New York City site, dedicated to the 1 million Irish who died during the Great Hunger, has become a favorite spot for social media influencer's photo sessions.

Social media influencers are being criticized for using the Irish Hunger Memorial, in Battery Park City, New York as a backdrop to personal photoshoots to promote everything from clothing lines to cosplay.

The Irish Hunger Memorial is a half-acre park at the southern tip of Manhattan dedicated to the one million people who died as a result of the Irish Famine (1845 - 1852). Social media influencers who are using the striking design of the monument as a backdrop to their photoshoots are being branded "disrespectful".

Storyful, on behalf of The Sunday Times, carried out an online analysis of photos taken at the site and found that influencers were using the memorial site as a backdrop frequently. 

Beneath the Irish Hunger Memorial.

Beneath the Irish Hunger Memorial.

It seems the tunnel beneath the raised plinth, wrapped with illuminated stripes of text, with limestone imported from County Kilkenny, is what attracts these influencers. These panels include a text history of the Great Hunger and contemporary reports on world hunger.

For example, in one Instagram post, a model in lingerie stands between these panels. The caption for the post reads "Thinking about a shack burger, bacon cheese fries and a cookies’n’cream shake."

Taken inside the Irish Hunger Memorial (via instagram.com/shari_tata_)

Taken inside the Irish Hunger Memorial (via instagram.com/shari_tata_)

Adrian Flannelly, a well-known radio broadcaster from County Mayo and the Irish cultural liaison officer for the Irish Hunger Memorial, urged visitors to the site consider the history of the memorial. He conceded that the memorial is a “great photo backdrop for anybody”. 

Speaking to the Times he said most visitors are respectful but there are the odd few who are not. He said "You have those who basically just don’t care to have any affiliation or association [with the memorial]... They don’t know the significance of it.”

He said using the Irish Hunger Memorial for any kind of risque photographs as "totally disgusting".

“Not only is it disrespectful, but they should be thrown out.
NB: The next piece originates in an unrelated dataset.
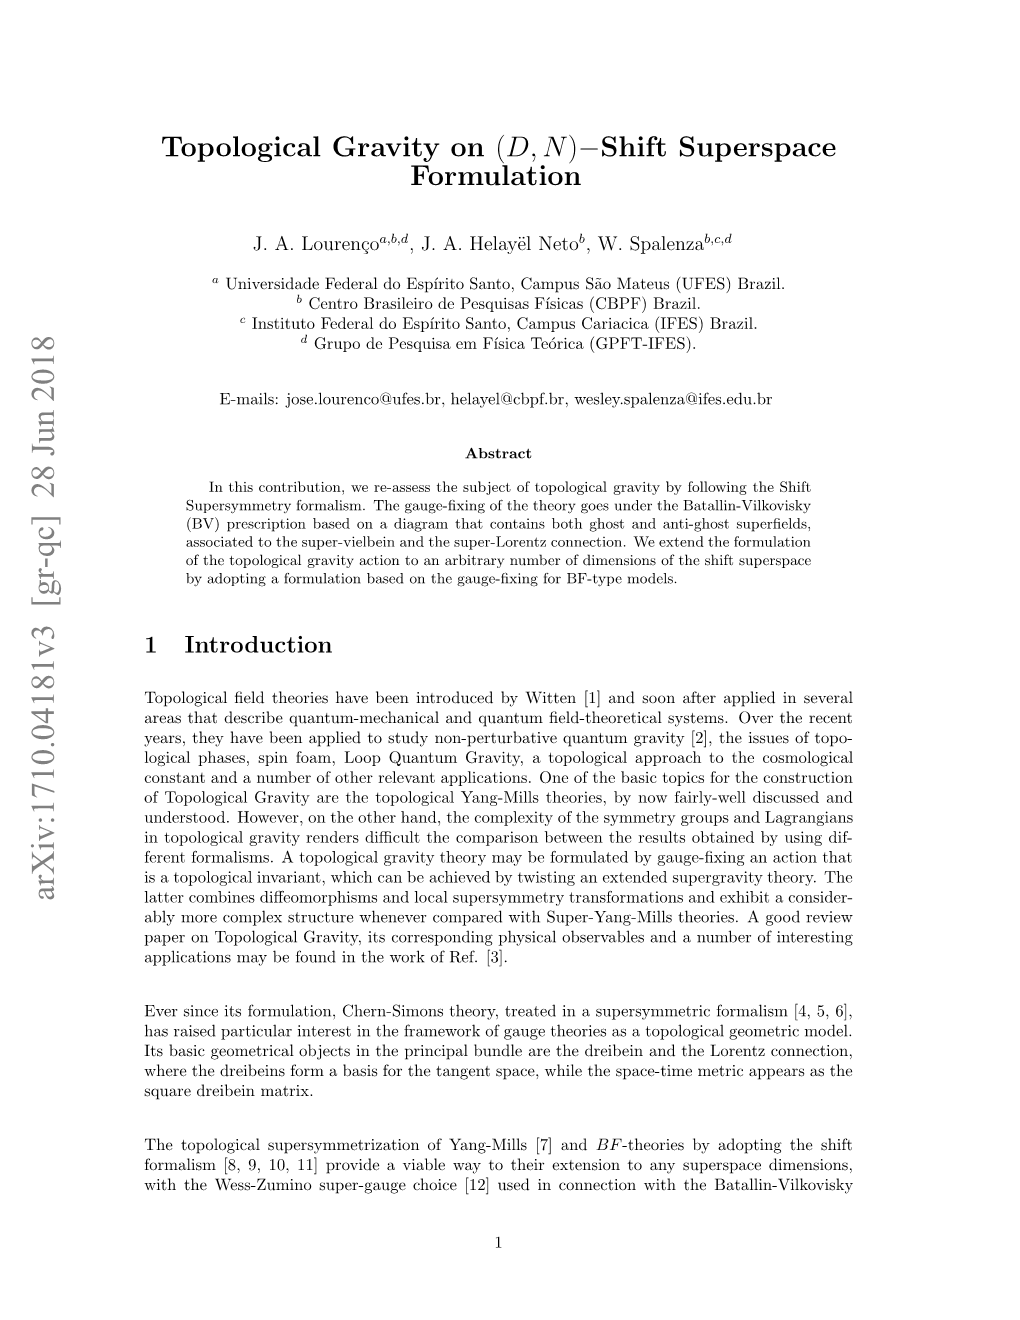 Topological Gravity on (D, N)−Shift Superspace Formulation

They wouldn’t do that in the cathedral or their own church or mosque or whatever. If they’re not going to do it in Macy’s window, then why do it there?" said Flannelly. 

Read more: Why the real story of Ireland's Great Hunger is not taught in US schools

A spokesman for the Irish Hunger Memorial did not comment on the disrespect shown at the site but told the Times "The Irish Hunger Memorial is an award-winning public space, with a design that expresses a desire to react and respond to changing world events without losing its focus on the project’s commemorative intent.

“As with all our public space, we ask visitors to be respectful of others and the grounds themselves — no littering, no trampling on planted areas — so that it may be enjoyed by all.”

Sadly this is not the first event in recent times that has brought to light disrespect shown by the public, in general, on social media. In 2019, the Auschwitz Museum was forced to tweet to the public pleading for visitors to stop posing for smiling selfies on the railway tracks. Over 1.1 million people were murdered at Auschwitz concentrations camp during World War II. 

They wrote "When you come to @AuschwitzMuseum remember you are at the site where over 1 million people were killed. Respect their memory. There are better places to learn how to walk on a balance beam than the site which symbolizes deportation of hundreds of thousands to their deaths."

Similarly in March 2019, following the release of the smash-hit docu-drama Chernobyl from HBO the exclusion zone in Ukraine was awash with influencers taking selfies and some having half-naked photoshoots in the abandoned area. It's estimated that up to 200k people were killed by the nuclear disaster at the site in 1986.